WORK ITEM:
Please reproduce all the data exactly as written and omit the pictures.
*** DATA SHOWN ***
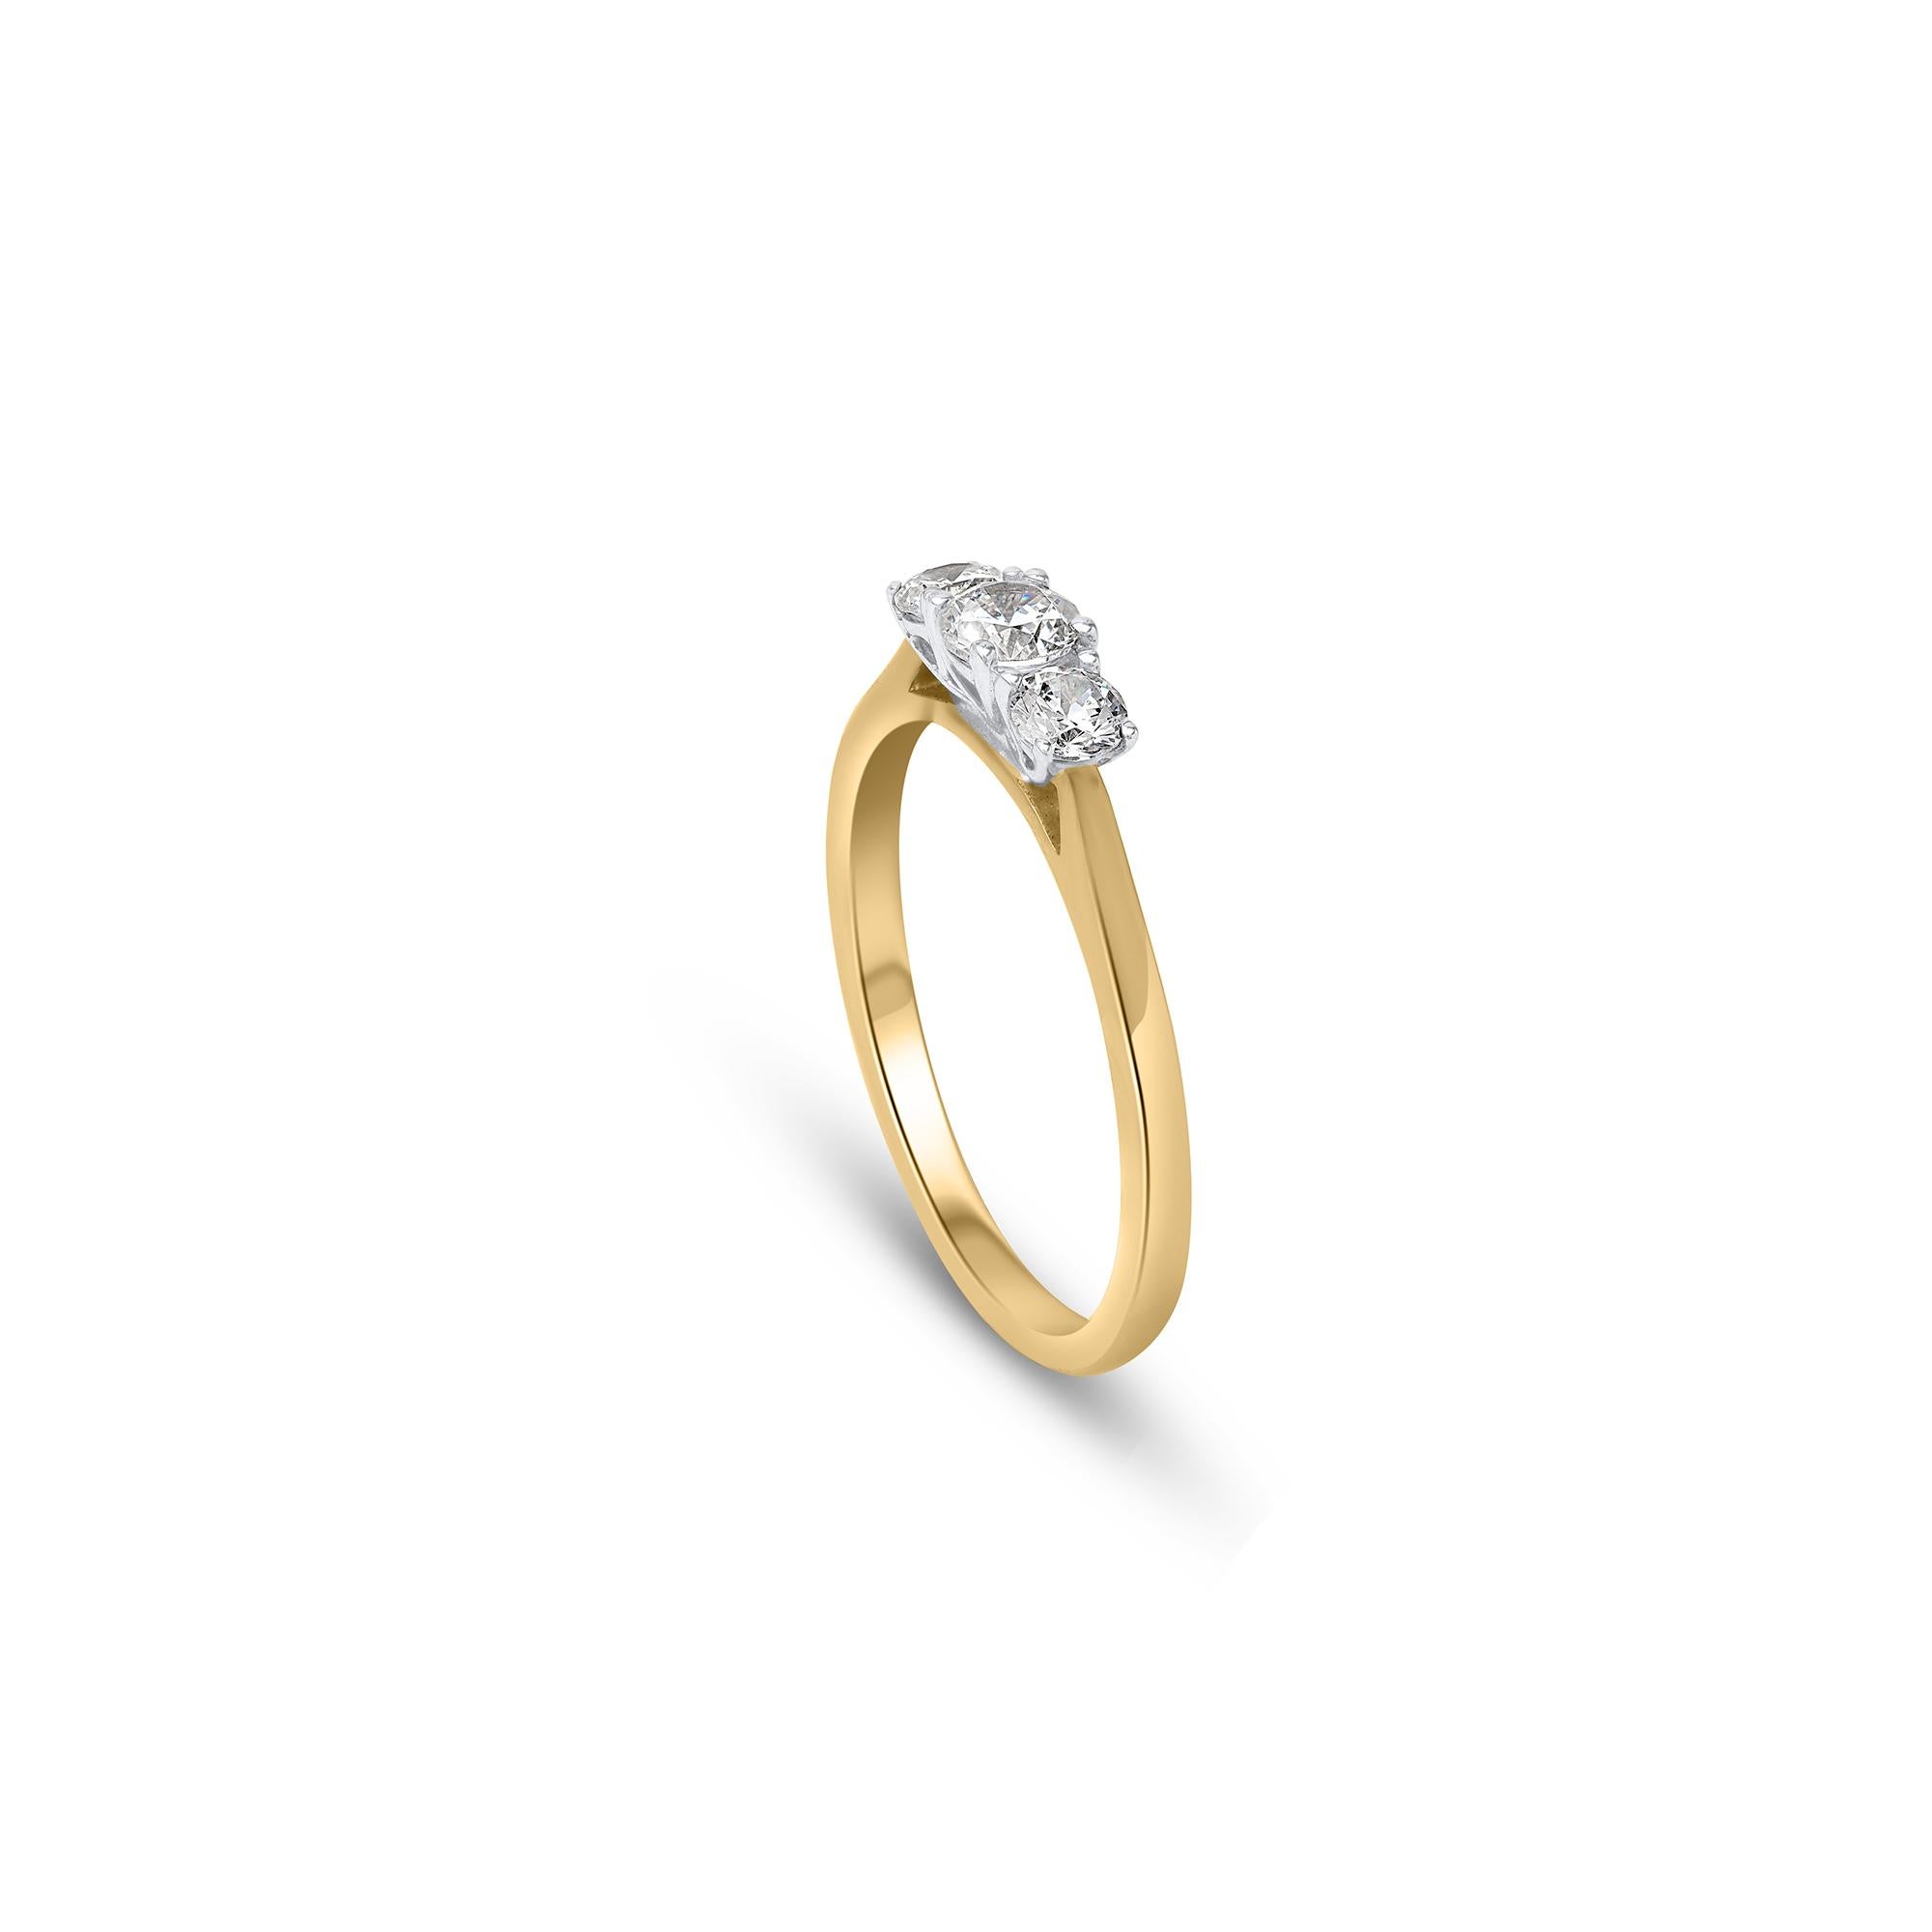 A sleek and timeless 3 stone engagement ring. Crafted by our in-house experts in 18 kt yellow gold and beautifully studded with three brilliant natural diamond set in prong setting.  Diamonds are graded H-I Color, I1 Clarity. 

Metal color and ring
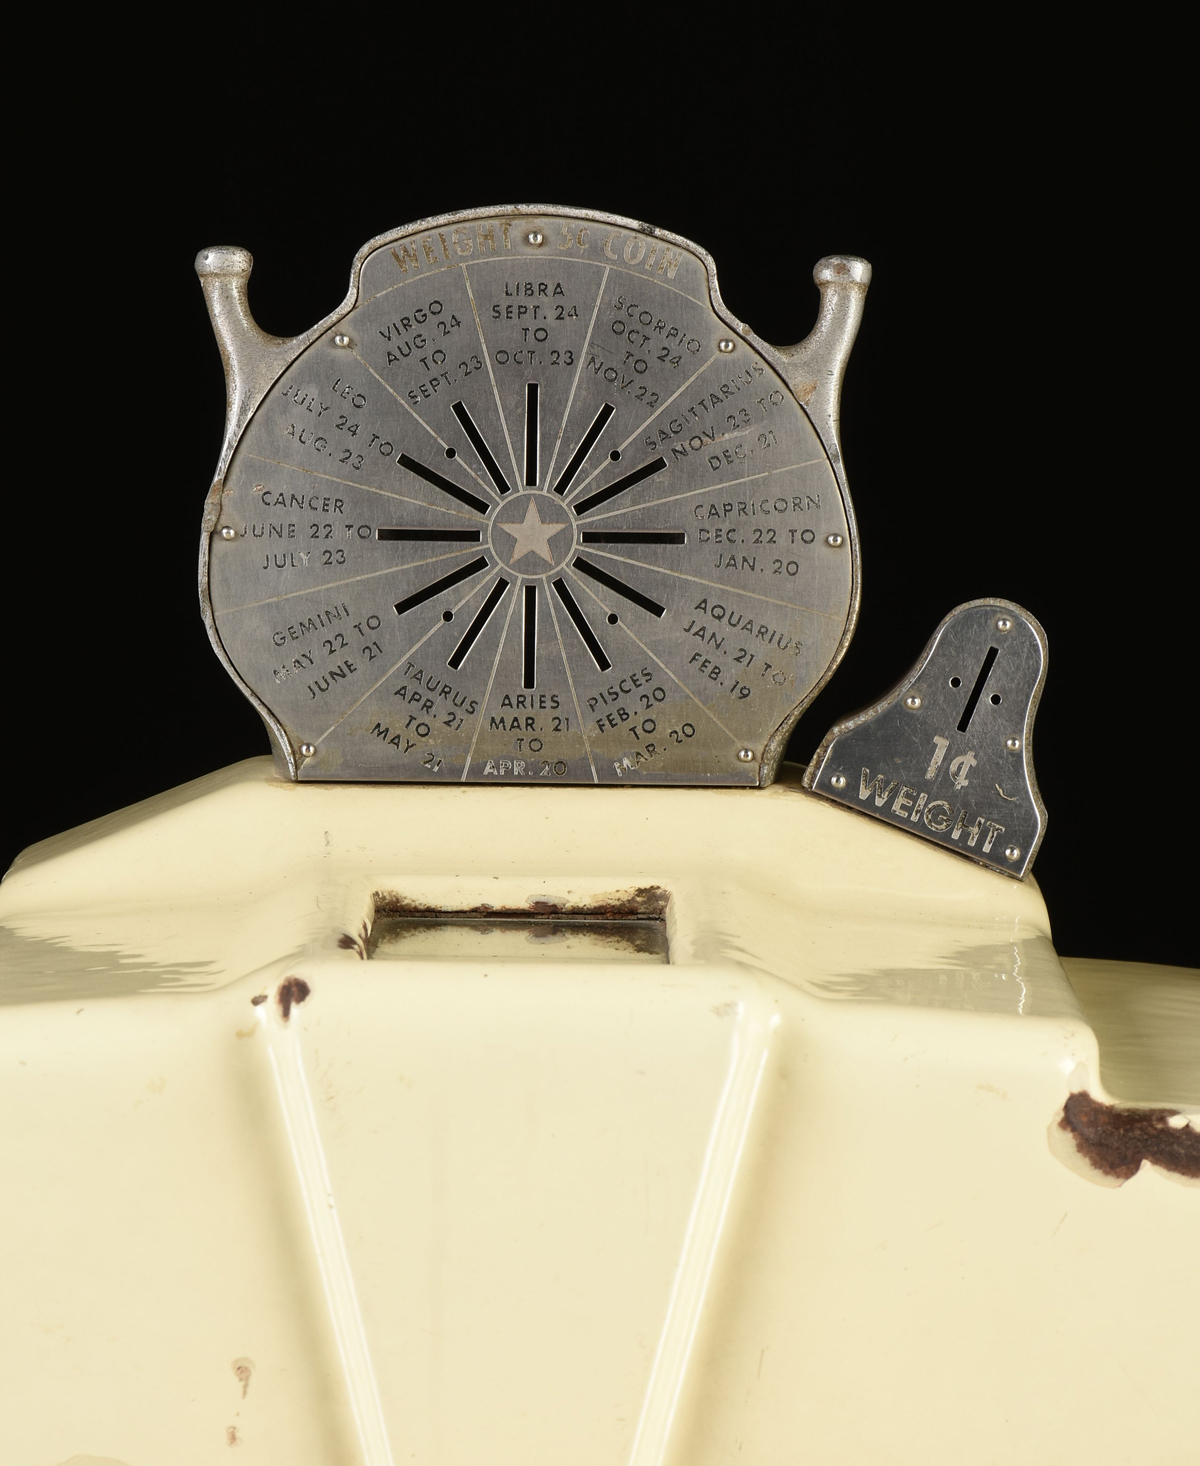 AN AMERICAN SCALE MANUFACTURING CO. FORTUNE MODEL 300 "1¬¢ Weight-Horoscope & Weight 5¬¢," COIN - Image 5 of 9
*** End of DATA SHOWN ***
REPLY TO THE TASK:
 A sleek and timeless 3 stone engagement ring. Crafted by our in-house experts in 18 kt yellow gold and beautifully studded with three brilliant natural diamond set in prong setting.  Diamonds are graded H-I Color, I1 Clarity. 

Metal color and ring
 AN AMERICAN SCALE MANUFACTURING CO. FORTUNE MODEL 300 "1¬¢ Weight-Horoscope & Weight 5¬¢," COIN - Image 5 of 9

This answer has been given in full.